DATA PROVIDED:
------------------------------------------------------------------------

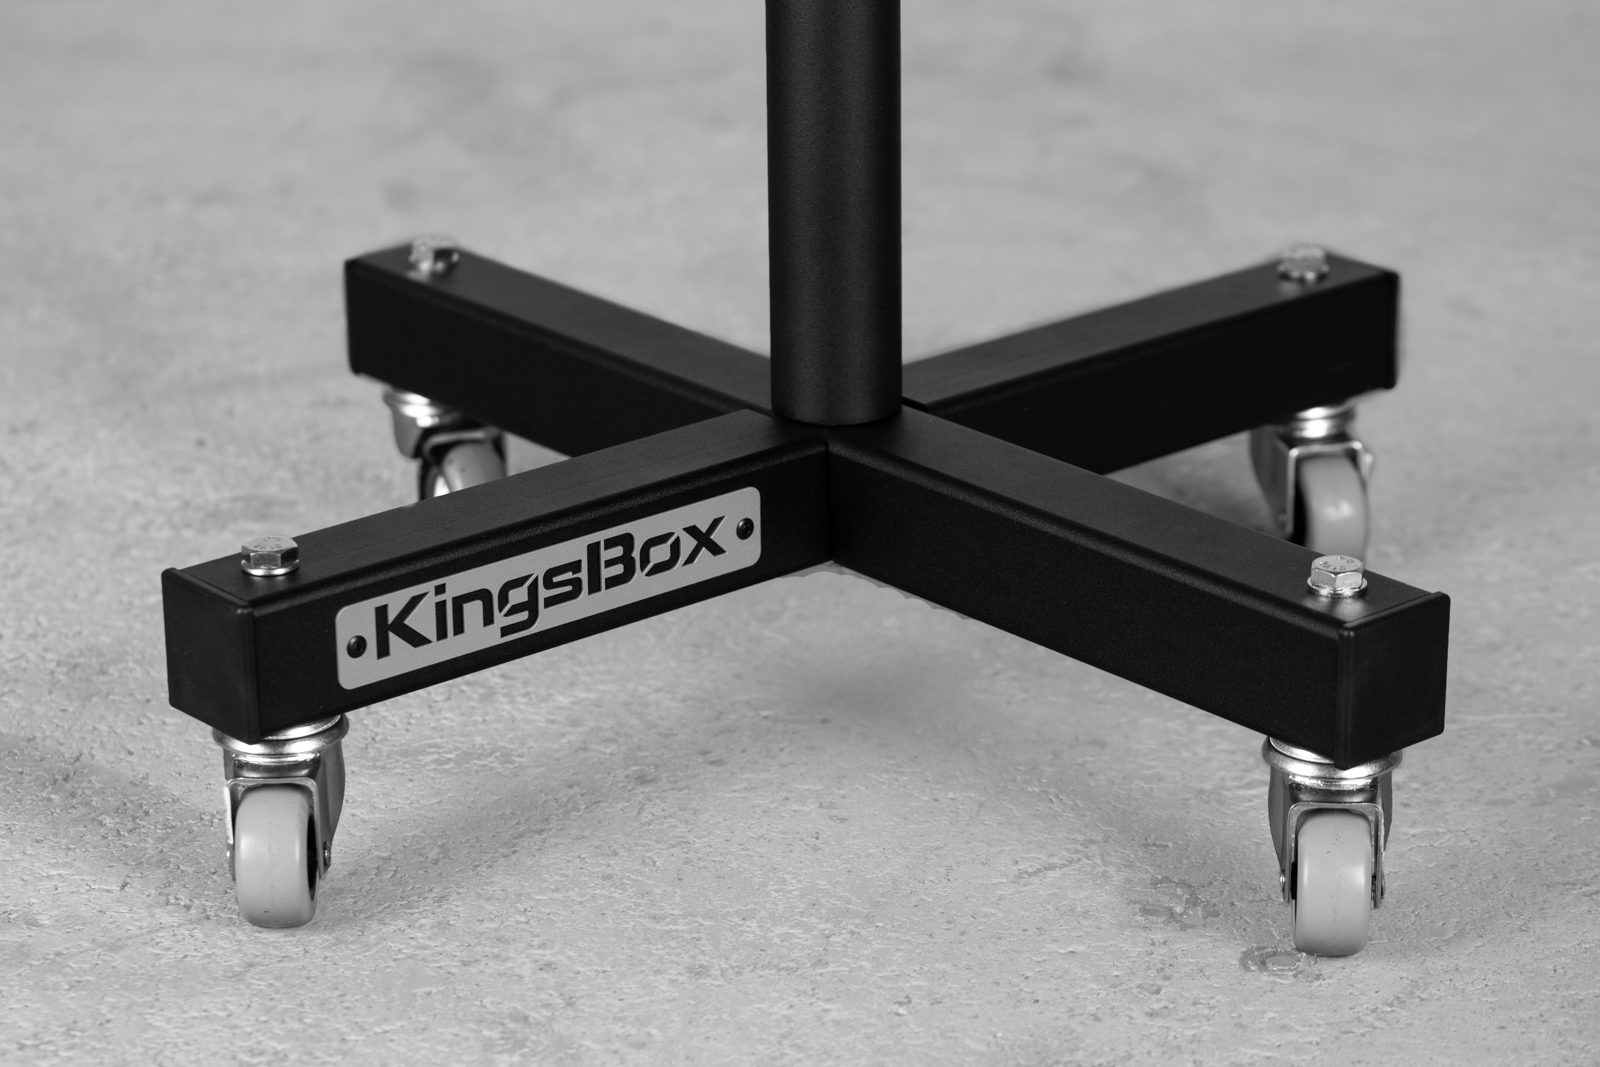 KingsBox Okvir postolja za utege Tower | KingsBox
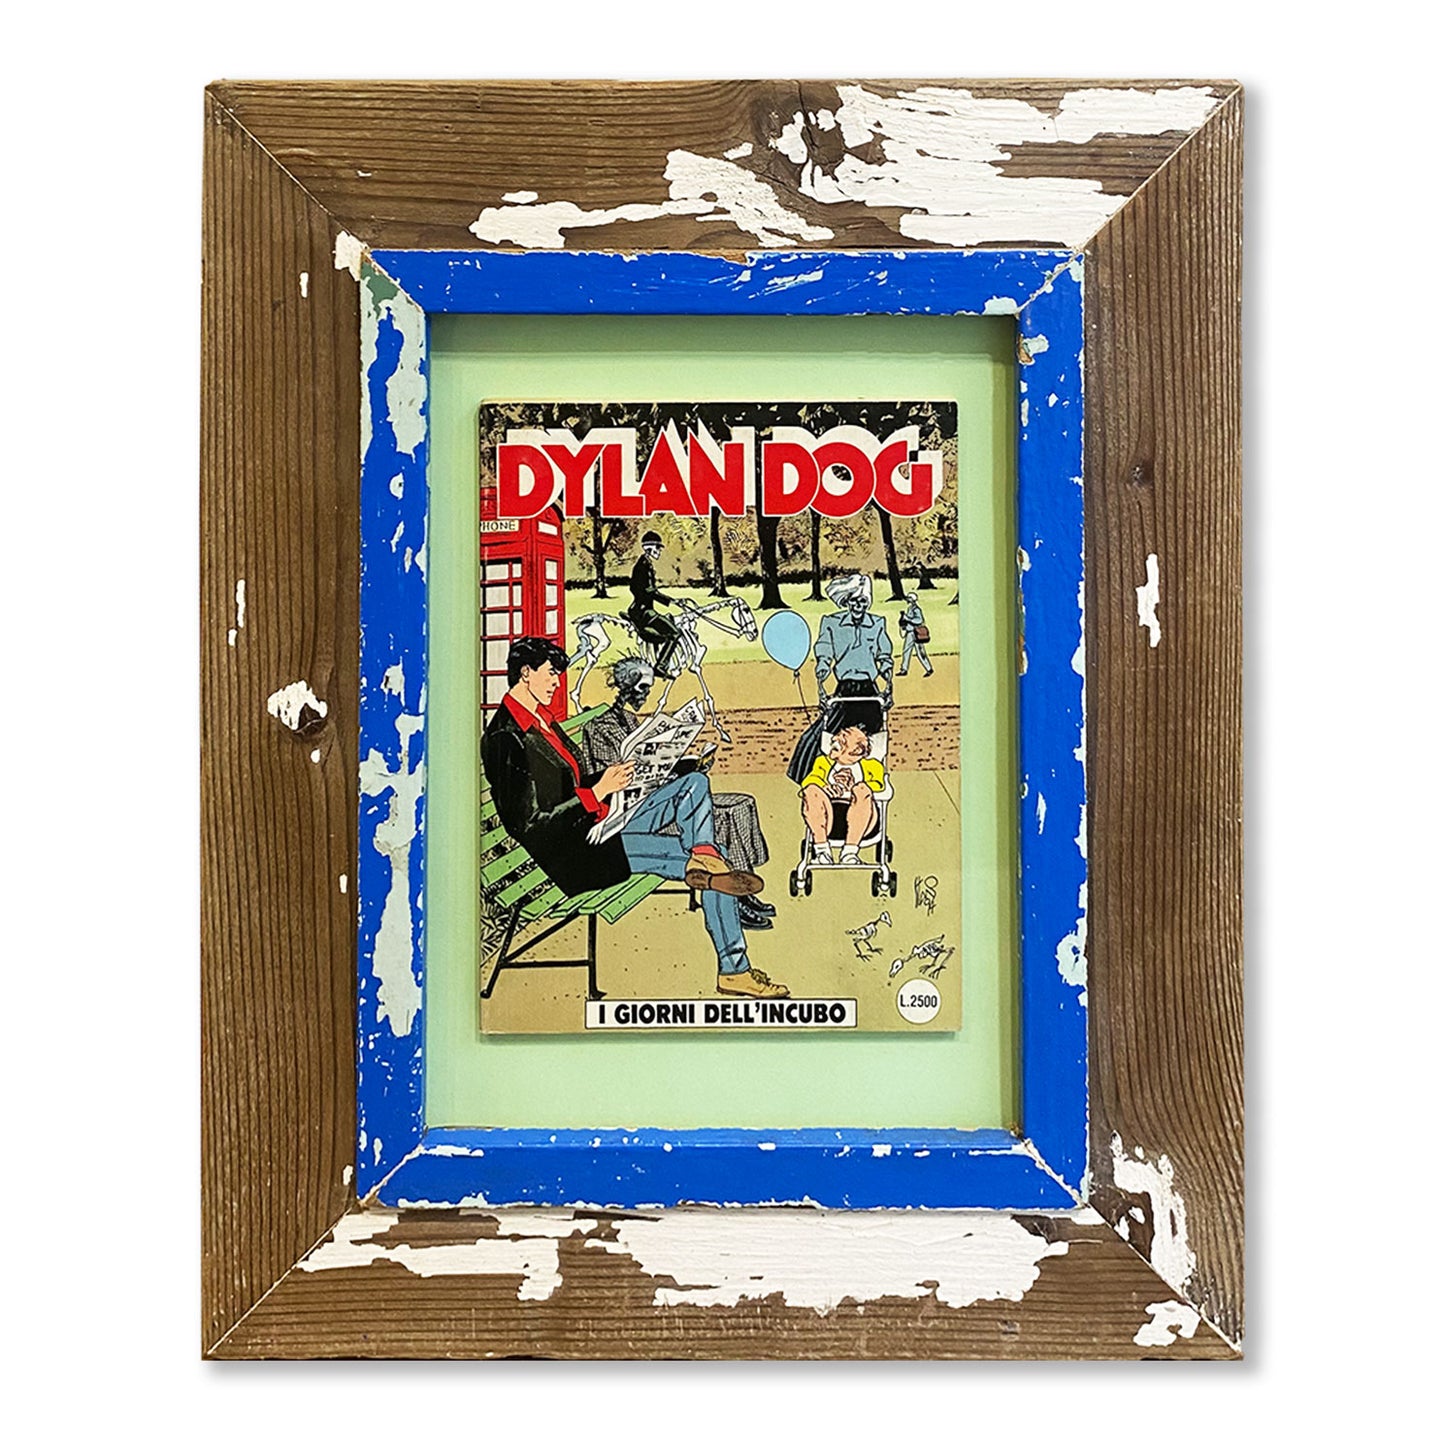 Cornice unica con fumetto Dylan Dog I giorni dell'incubo. Idea regalo per chi ama fumetti.
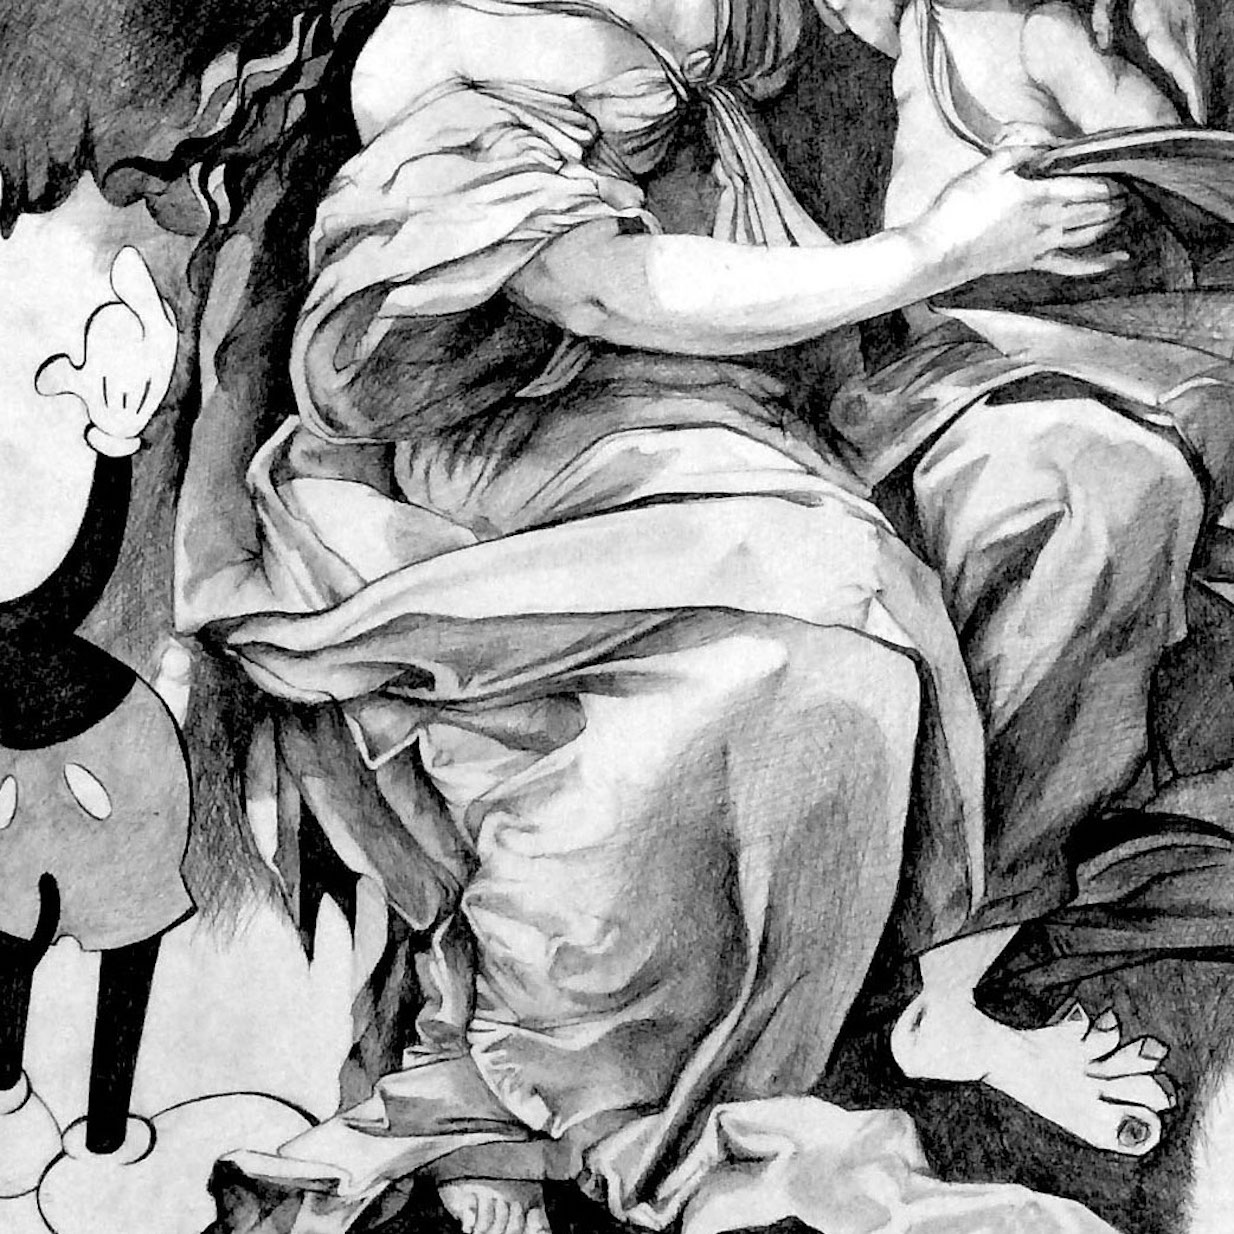 Cécile Bisciglia - Vandalisées, toile, stylo, encre, noire, grand, format, géant, vandalize, tall, giant, black, lifelike portrait

------------------------------------------------------------------------

PROBLEM REQUIREMENTS:
Make an exact copy of the listing above. Do not include the pictures.

OUTPUT FOR THIS EXERCISE:
 KingsBox Okvir postolja za utege Tower | KingsBox
 Cornice unica con fumetto Dylan Dog I giorni dell'incubo. Idea regalo per chi ama fumetti.
 Cécile Bisciglia - Vandalisées, toile, stylo, encre, noire, grand, format, géant, vandalize, tall, giant, black, lifelike portrait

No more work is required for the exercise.